_Work request:_ For this exercise, the lines from the one with "Paisaje y Arquitectura: Parque, jardines" through the end of the material below must be output exactly, without pictures.

_Provided material:_
╔══

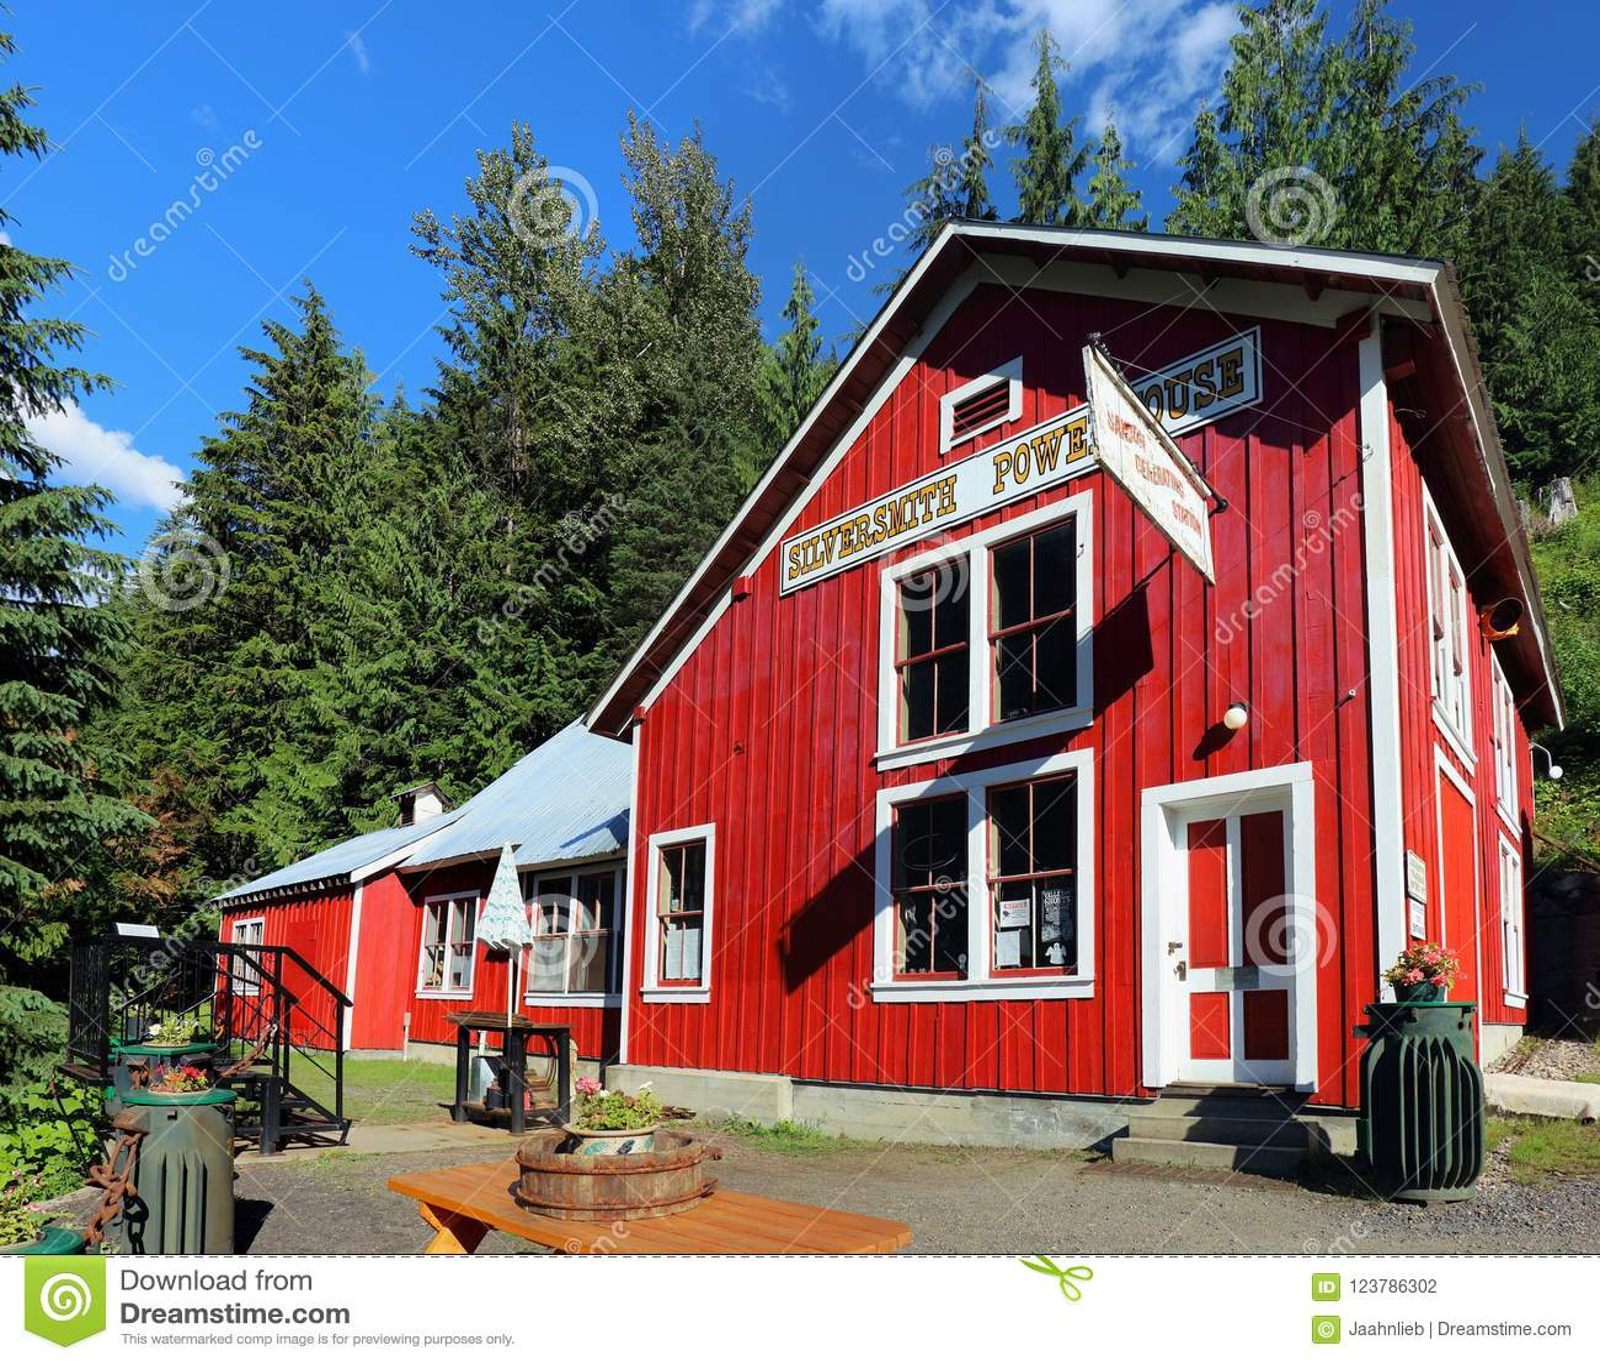 Historischer Silberschmied Powerhouse in Sandon, Britisch-Columbia
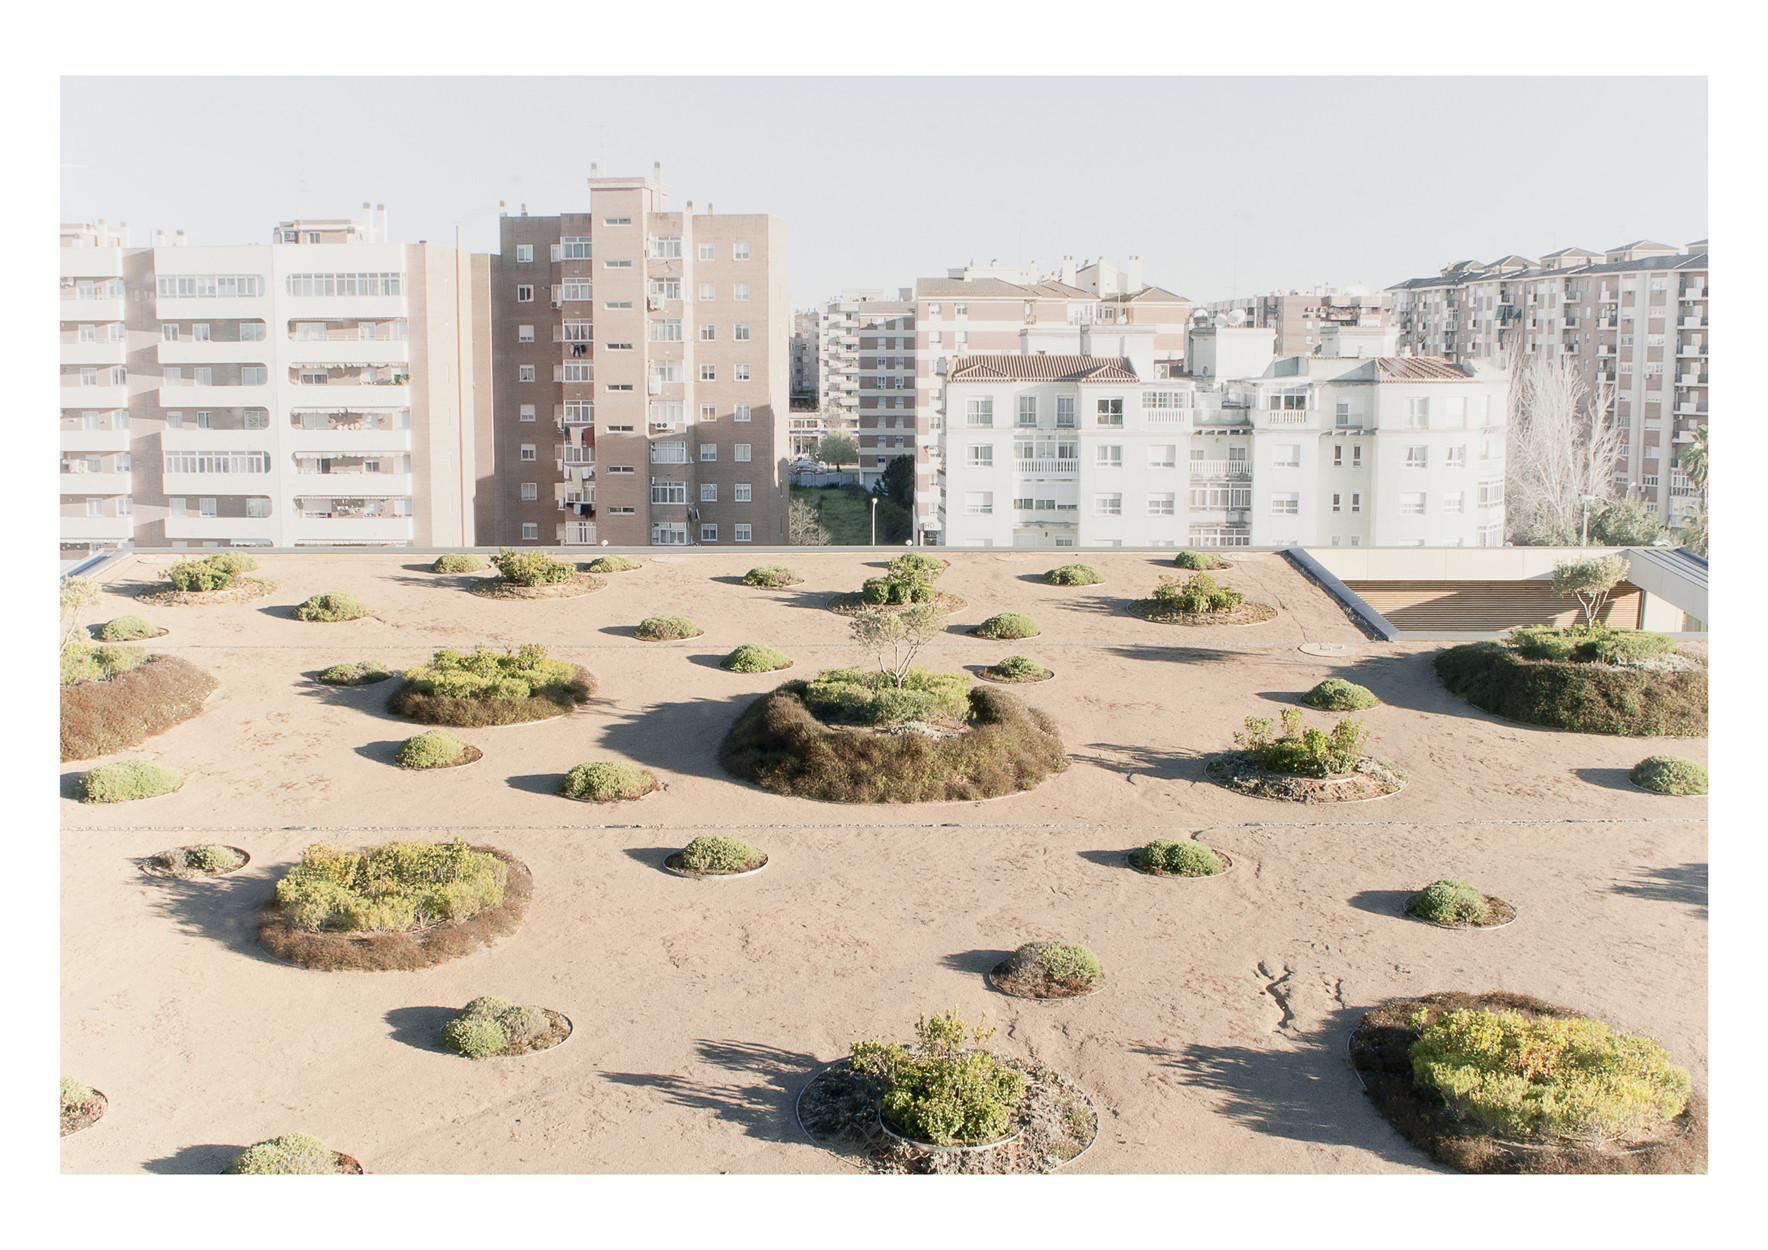 Paisaje y Arquitectura: Parque, jardines y cubierta verde de Caja Badajoz por Cjcpaisaje, © Cristina Jorge Camacho
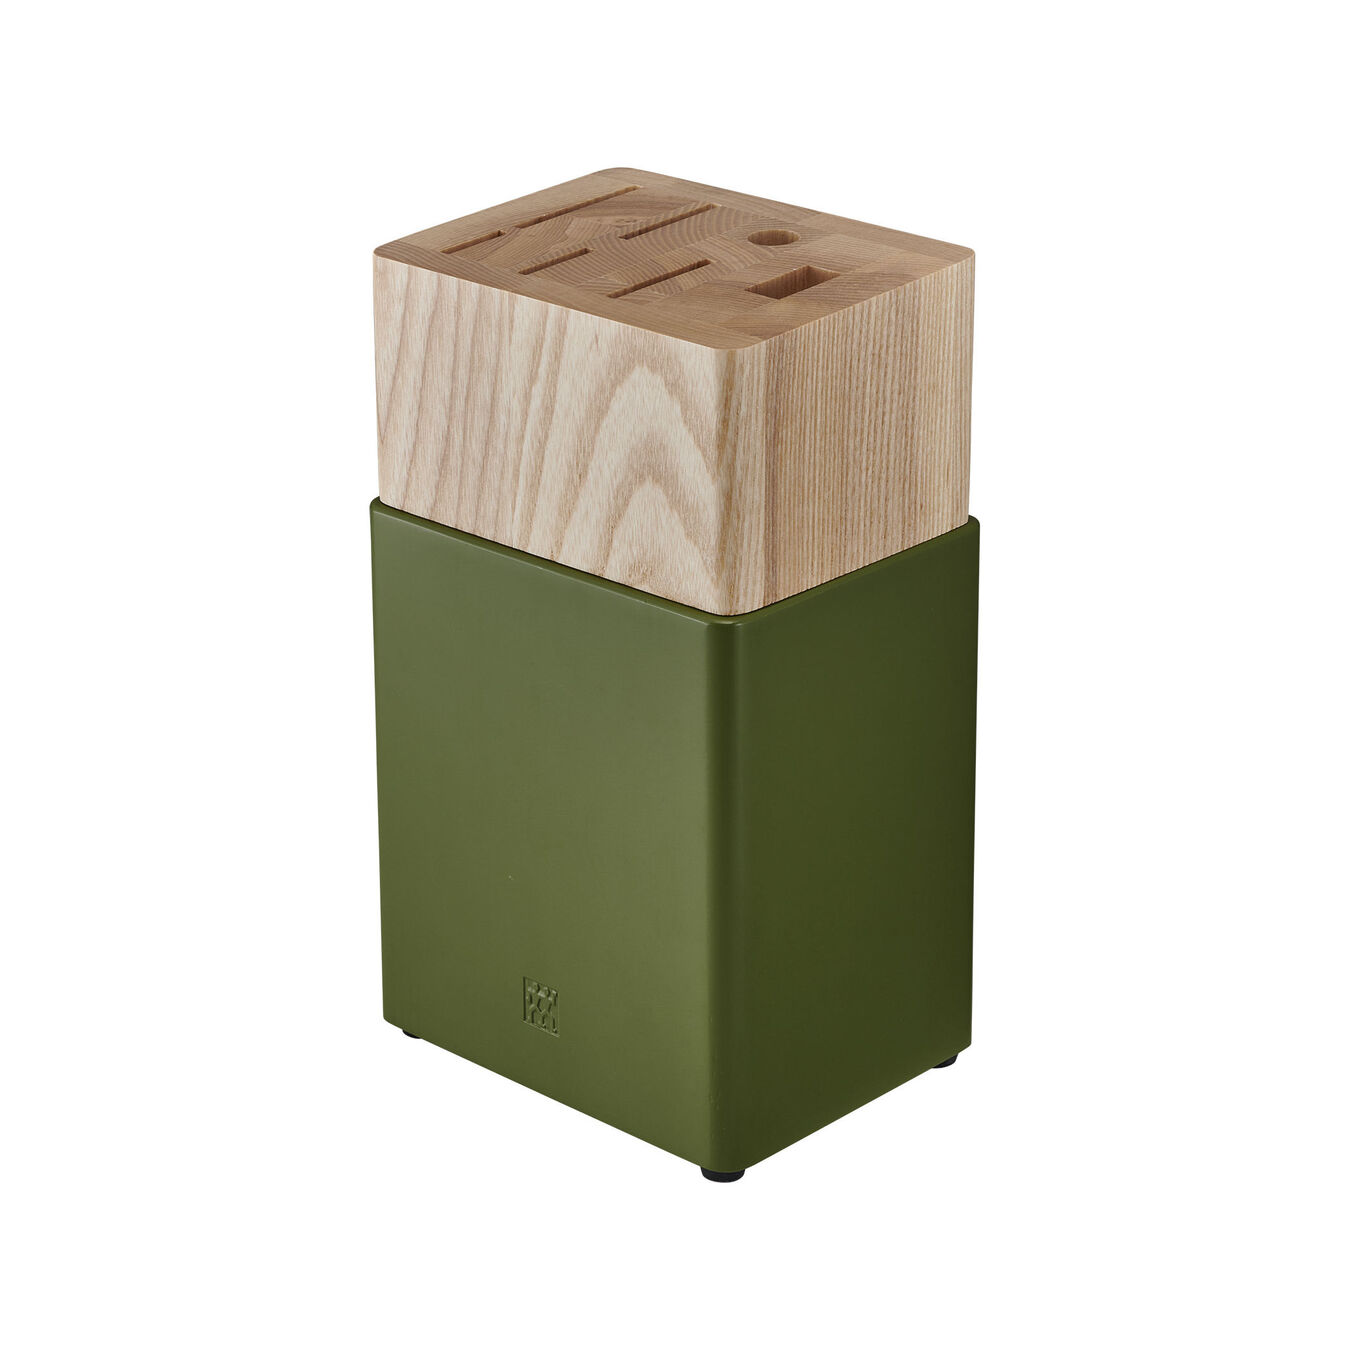 6-pc Knife Block Set - Lime Green,,large 3

╚══

_Written answer:_
 Paisaje y Arquitectura: Parque, jardines y cubierta verde de Caja Badajoz por Cjcpaisaje, © Cristina Jorge Camacho
 6-pc Knife Block Set - Lime Green,,large 3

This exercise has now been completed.